A man stopped me and said, “Your tie is the symbol of the control of the establishment. Your tie is MY FEAR.” Now, I don't share the man’s specific fear of the establishment per se, but I decided right away that if the red plaid tie was this man’s fear, that we should burn it. I took the tie off from around my neck. “Take this tie and burn it,” I said. “It’s your fear, and now it's my fear. We must BURN OUR FEAR!”

We walked to the fire; damn, was it hot. I could feel the sweat on my body as we chanted, “BURN OUR FEAR!” again and again. The tie was tossed into the flames, and we cheered mightily. The fear was burned and I staggered away, covered in sweat The drums swelled in my brain and my ears and I began to sway. I looked out into the crowd, the flaming wreckage behind me. My heart pounded and a sudden calm came over me. In the crowd I saw faces looking back, the faces of long lost friends and of dead relatives. When I would turn to greet them and tell them that I loved them, they disappeared. I began to dance.

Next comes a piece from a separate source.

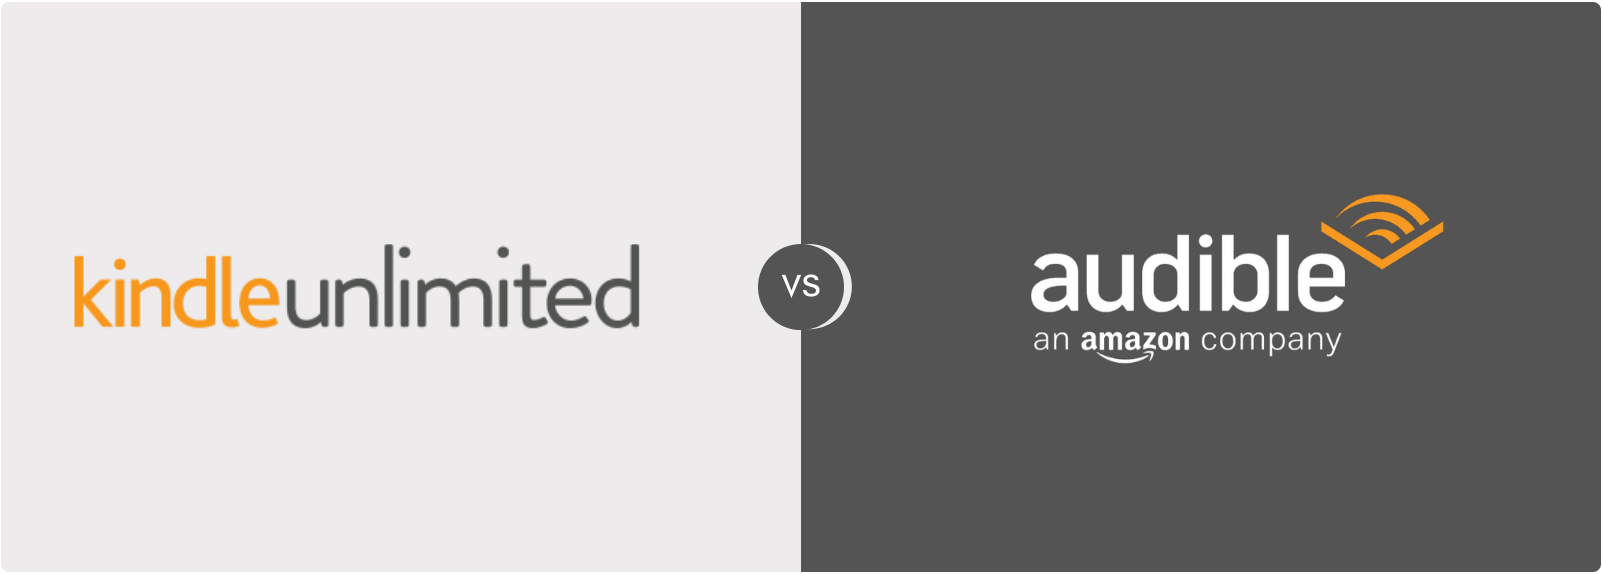 Audible vs Kindle Unlimited

Beautiful women smiled at me and danced with me, I moved my huge, clumsy feet along with the drumbeats and swayed my gelatinous belly to and fro. I am a terrible dancer, especially when I am wearing heavy boots. Normally, I am very inhibited about dancing, and it would require several drinks to get me to jump around on the dance floor. This was no normal place and time, and my fear had been wadded up in a little ball and thrown into the ceremonial flames. I bounced around the fire for a while longer; I'm not certain how long. I started to see why the men's lib groups form drum circles. There's a very positive masculine energy in a drumbeat; not destructive yang, but creative, wholesome, virility. Men make circular patterns out of individual spikes. Women make individual spikes out of circular flow. We're all dancing to the same beat, but some of us are the feet and some of us are the hips. Or whatever.

Finally, I found myself moving out of the circle, looking up again at the stars. As I walked across the playa, I realized that I could see myself very clearly. The other people out here in the desert were dim and difficult to see, but my skin was glowing and I could see my own body as if it were day. A feeling of elation washed over me, and I recognized it as the fast calm I feel when I am comfortable with who I am. I have these rushes sometimes in my office or on a bus, and I have to be content with laughing to myself or smiling at the beauty of the world, lest a coworker or even a complete stranger might think I am eccentric. Those bounds no longer existed for me, and so I threw my head back and I screamed at the moonless sky. I screamed and I shouted, and when my lungs were empty I fell to my knees. I was overwhelmed once again by the vastness of creation and I surrendered to the void.

fires on the playa

When I began walking back to the camp, I came across a young couple walking in the opposite direction. When they came close enough I said to them, “I burned my fear. I wadded my fear up in a little ball, and I burned it.”

The woman stopped and looked at me. “I did too,” she said.

“It's wonderful.”

“Yes,” she agreed. She came up to me and hugged me tightly. Then after brief pleasantries, we went our separate ways.

I continued on and left my belongings at the camp, but took a bottle of water back out onto the playa. I danced more around the various bonfires and shared my water with a few folks who were on mescaline. At one fire, I came across the man who had burned his fear along with me. He introduced me to his fellows and talked about the oppression of the establishment some more. I found it a little bit amusing, as he didn't really have an alternate plan, but still hung on to the idea that there could be an alternate plan. When he got up to leave the bonfire he said, “I gotta go get laid,” and I realized what had been haunting me. I had freed myself of fear, but not desire.

Ever desireless, one can see the mystery
Ever desiring, one sees the manifestations
Tao Te Ching, Chapter One

As I walked about, I noticed that my back was straight. I felt tall. I smiled as people passed me, and when I closed my eyes I could still see the road.